Southern Mutual Investment Corp. v. Thornton

Evans, Judge.

Carlton E. Dabney, Jr. gave a loan deed on lands in DeKalb County to Southern Mutual Investment Corp. Later, Dabney sold this property to Calvin C. Thornton, without having paid off the above loan. Southern Mutual Investment Corp. then advertised the lands for sale under its power of sale, in order to secure payment of the above loan; and on the day following the first advertisement Southern Mutual Investment Corp. filed a petition for receivership as to Calvin C. Thornton and the aforementioned lands. The advertisement continued and the lands were sold. A receiver was appointed; Thornton appealed to the Supreme Court of Georgia, where his appeal was declared to be moot because the property had been sold and no purpose would be served in ruling on same. Thornton v. Southern Mutual Inv. Co., 231 Ga. 36 (200 SE2d 126).

On April 24, 1973, Southern Mutual brought the present action to confirm the sale, naming Thornton as defendant, and alleged that it had purchased the property for its true market value of $20,000.00, and alleged that this amount was insufficient to pay the indebtedness due. Exhibits attached show that the indebtedness was more than $31,000. Defendant answered, and alleged that no claim was set forth, and set forth certain specific reasons as to the failure to set forth a claim, including those reasons set forth in the trial judge’s final order in the case.

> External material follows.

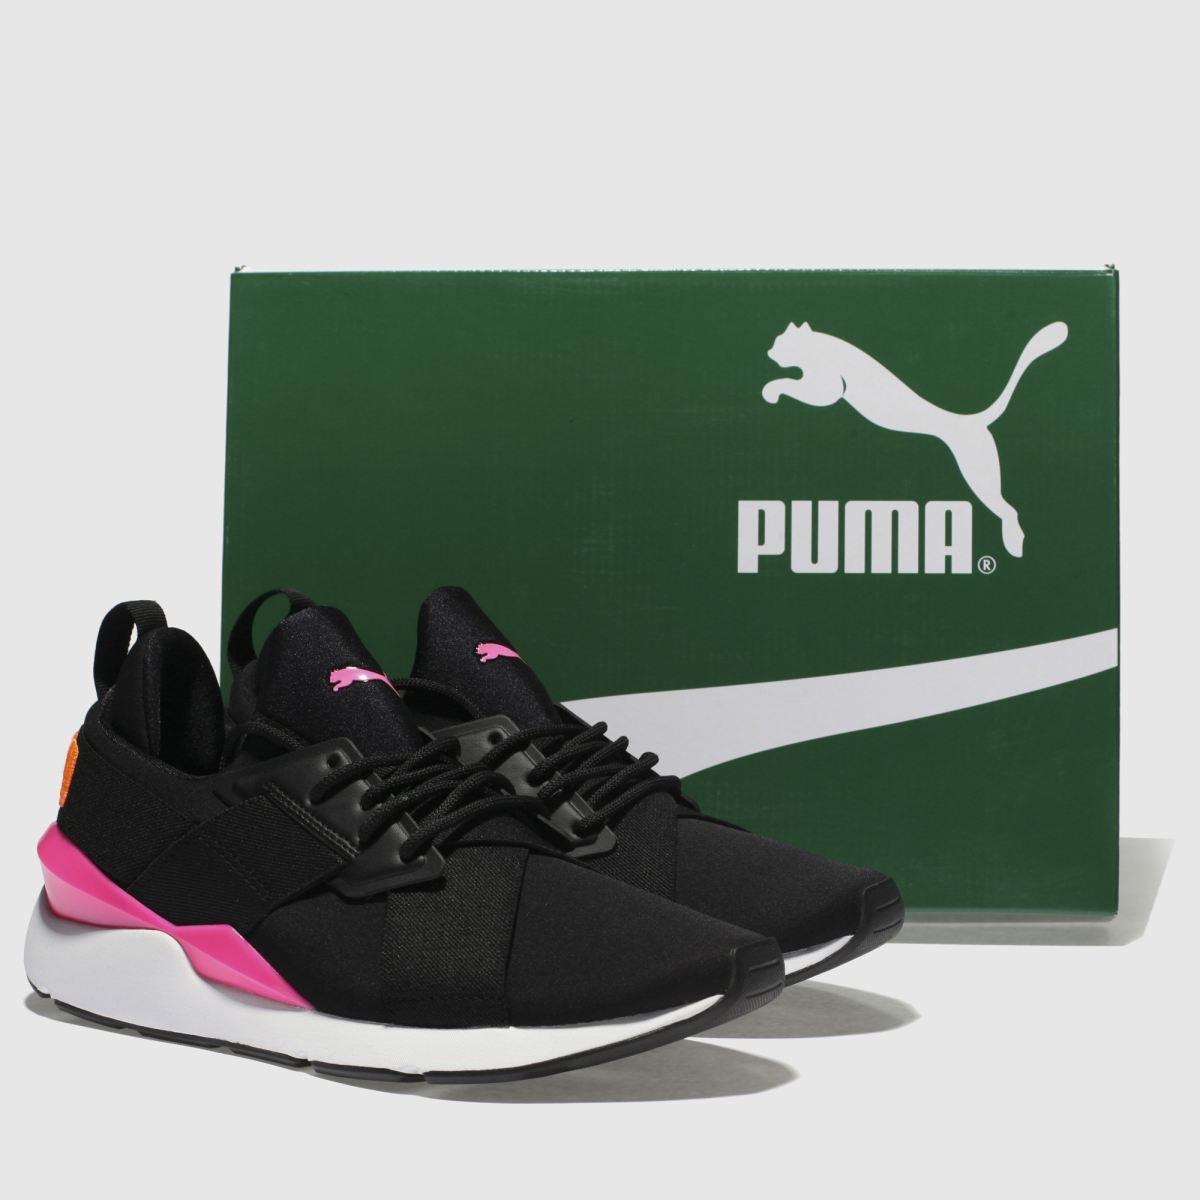 Damen Schwarz-pink puma Muse Gute Chase Sneaker | schuh Gute Muse Qualität beliebte Schuhe e45028
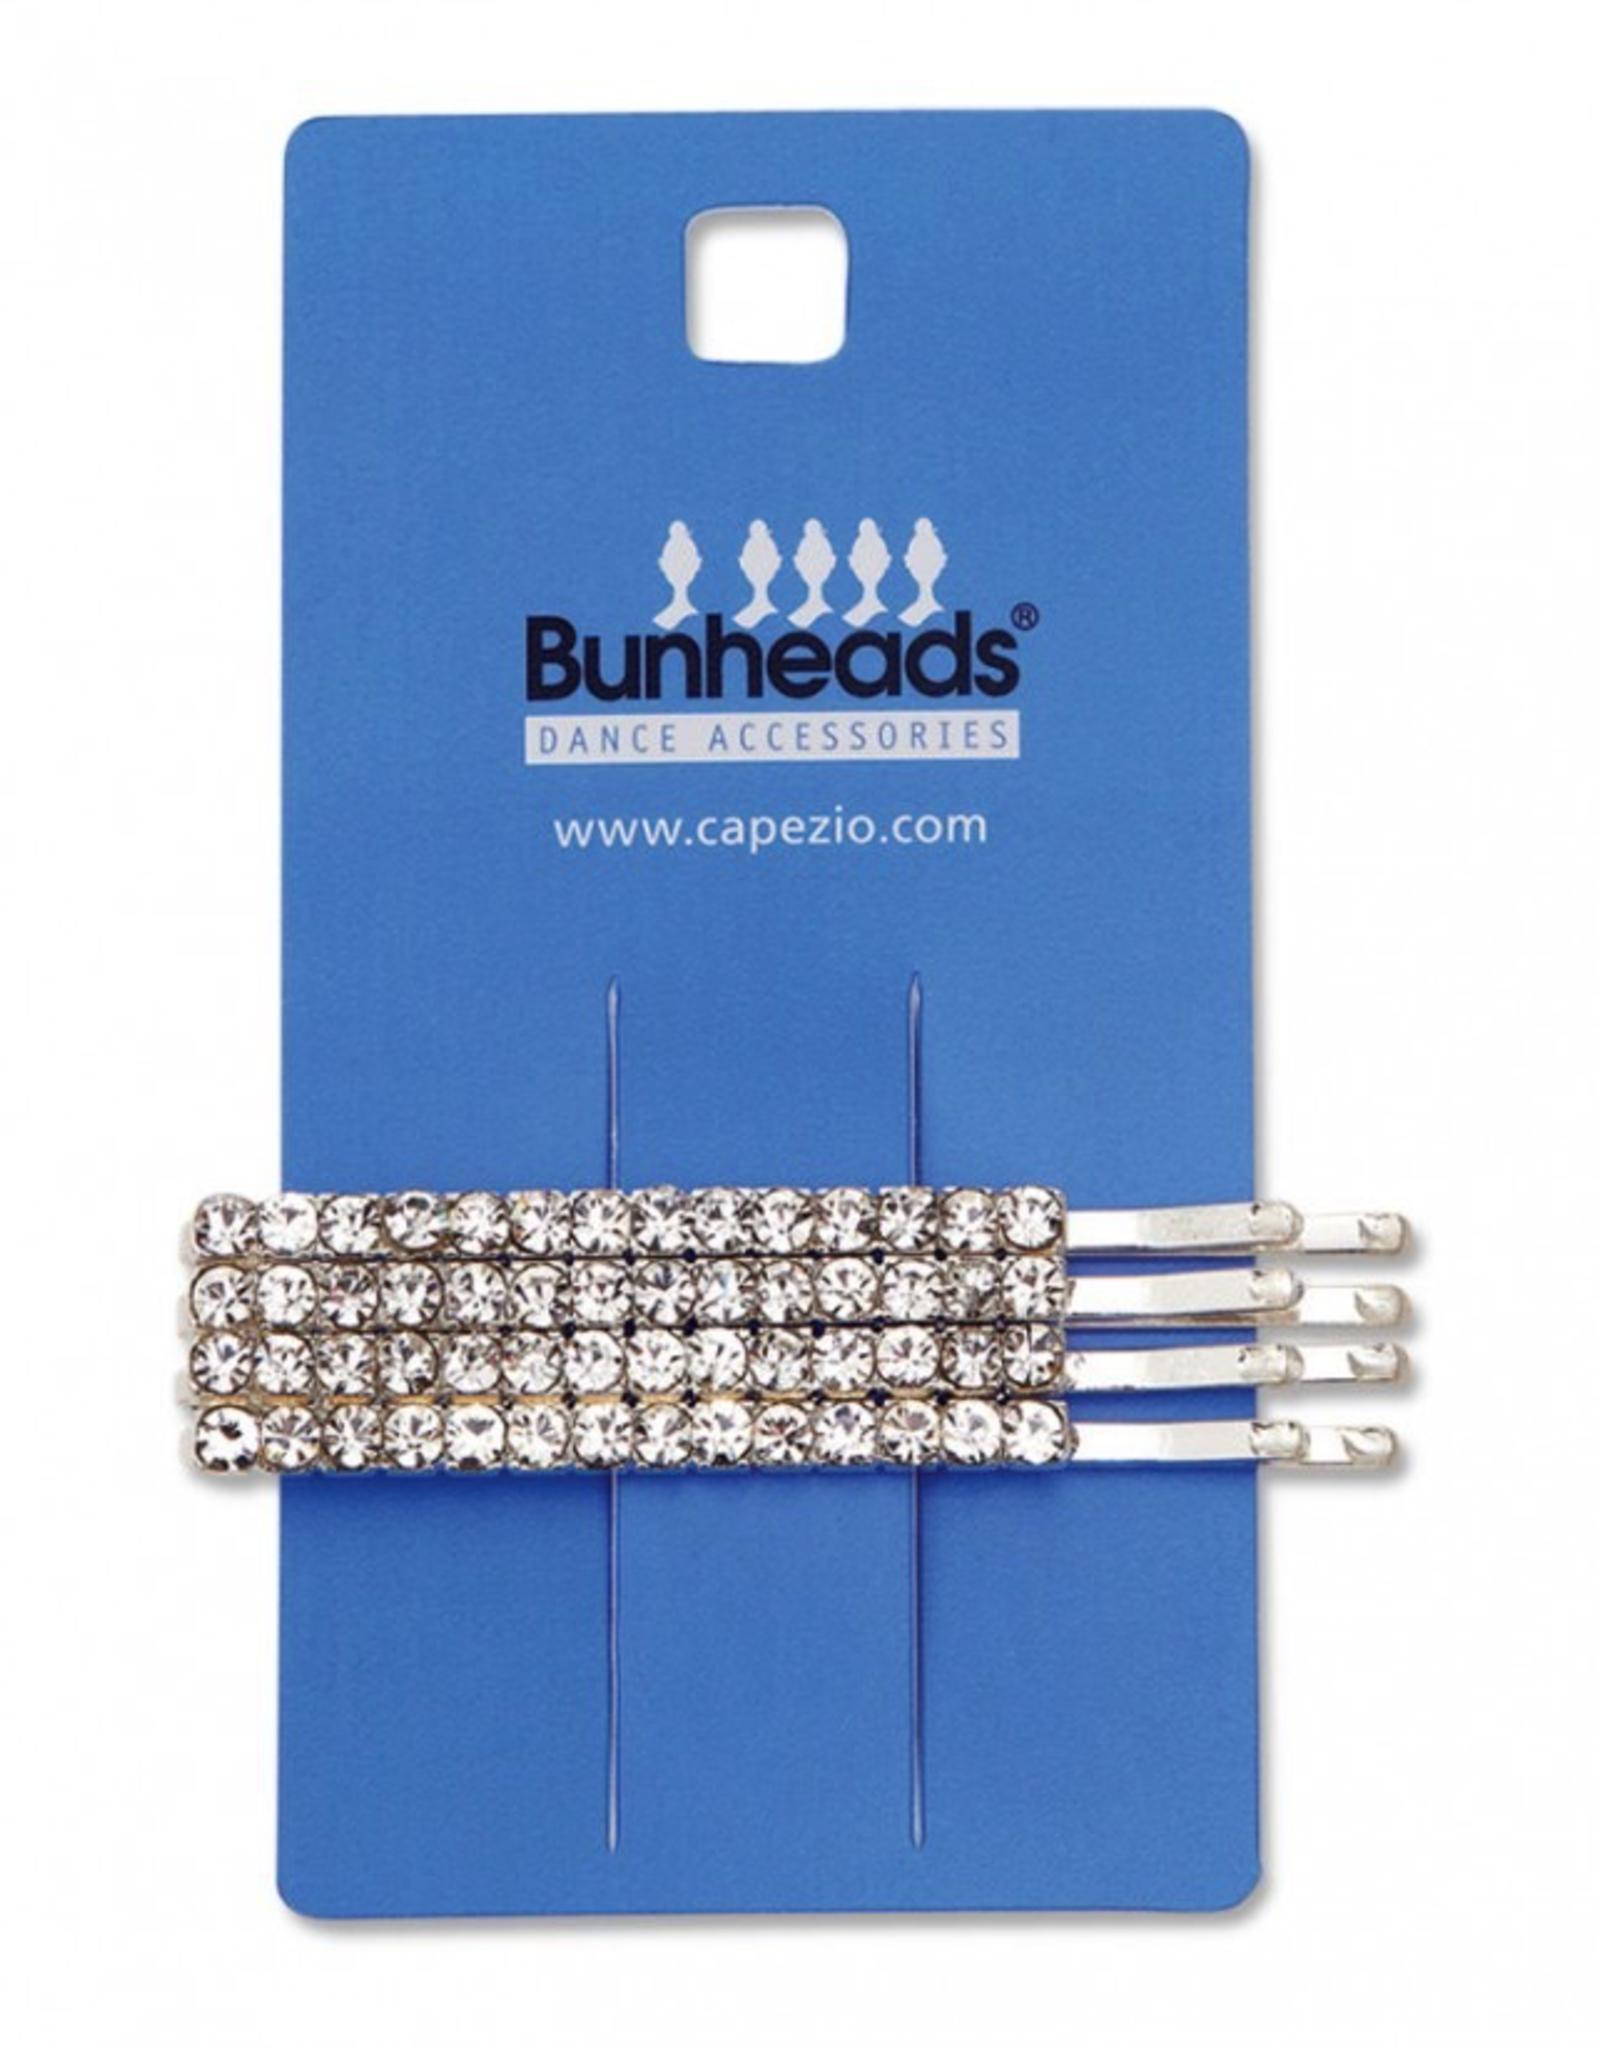 Capezio Sparkle Bobby Pins

The motion to confirm the sale came on for hearing, and defendant’s motion to strike and dismiss said motion was sustained for the following reasons: No proper notice of sale had been given to defendant as required by Code § 39-1101, although he was then in possession of the property; plaintiff knew Thornton was the debtor; and that the receiver had not been formally or officially discharged, and had not been served as a party to motion or application to confirm the sale. Plaintiff appeals. Held:

1. To conduct a valid sale of real estate under power contained in a deed to secure debt, the sale, "shall be *766advertised and conducted at the time and place and in the usual manner of sheriffs sale in the county in which real estate ... is located.” Code Ann. § 67-1506 (Ga. L. 1935, p. 381). No notice beyond that required by law (the advertisement) and the contract is necessary, and there is no denial of due process of law because no hearing is required before sale. Ruff v. Lee, 230 Ga. 426 (197 SE2d 376).

2. As there is no plaintiff and no defendant in a sale conducted under power contained in a security deed, it is not necessary to name such parties in the legal advertisement. Nor does the law require the advertisement to name the persons in possession.

The loan deed in this case provided that "all other notice [except advertisement] being hereby waived by grantor,” and "all obligations herein imposed on the grantor shall extend to and include grantor’s . . . successors and assigns.” The term "grantor” as used herein included successors and assigns of Dabney; and of course, the successors and assigns of the grantor included Thornton. The loan deed’s sole requirement as to notice was that of advertisement of the sale in the newspaper of the county as provided for in Code § 39-1101. Consequently, as said advertisement was properly and regularly made, no further notice was required.

3. The statute as to confirmation of a sale is in derogation of common law and must be strictly construed and followed. First National Bank v. Kunes, 128 Ga. App. 565 (197 SE2d 446).

4. The new Civil Practice Act controls all pleadings and authorizes the addition of new parties, including plaintiff, defendant, or third-party plaintiffs or defendants. Indeed, in Code Ann. § 81A-121 (§ 21, CPA; Ga. L. 1966, pp. 609, 632), other parties may be added on motion of any party or by order of the court of its own initiative at any stage of the action.

Accordingly, if other parties are necessary, such as the receiver, they may be made and served; but this would not authorize dismissal of the application for confirmation of the sale.

5. Whether or not the sale of the realty might have *767been affected adversely because same was under a receivership, which might have caused prospective purchasers to question the title to the property, remains for determination by a jury. Plainville Brick Co. v. Williams, 170 Ga. 75 (2, 3) (152 SE 85); Henderson v. Willis, 160 Ga. 638, 646 (128 SE 807).

Argued March 6, 1974 Decided April 9, 1974 Rehearing denied May 10, 1974 Smith, Cohen, Ringel, Kohler, Martin & Lowe, J. Arthur Mozley, Robert W. Beynart, for appellant. Lipshutz, Macey, Zusmann & Sikes, Charles C. Pritchard, for appellee.

6. The court erred in dismissing the petition.

Judgment reversed.

Eberhardt, P. J., and Pannell, J., concur.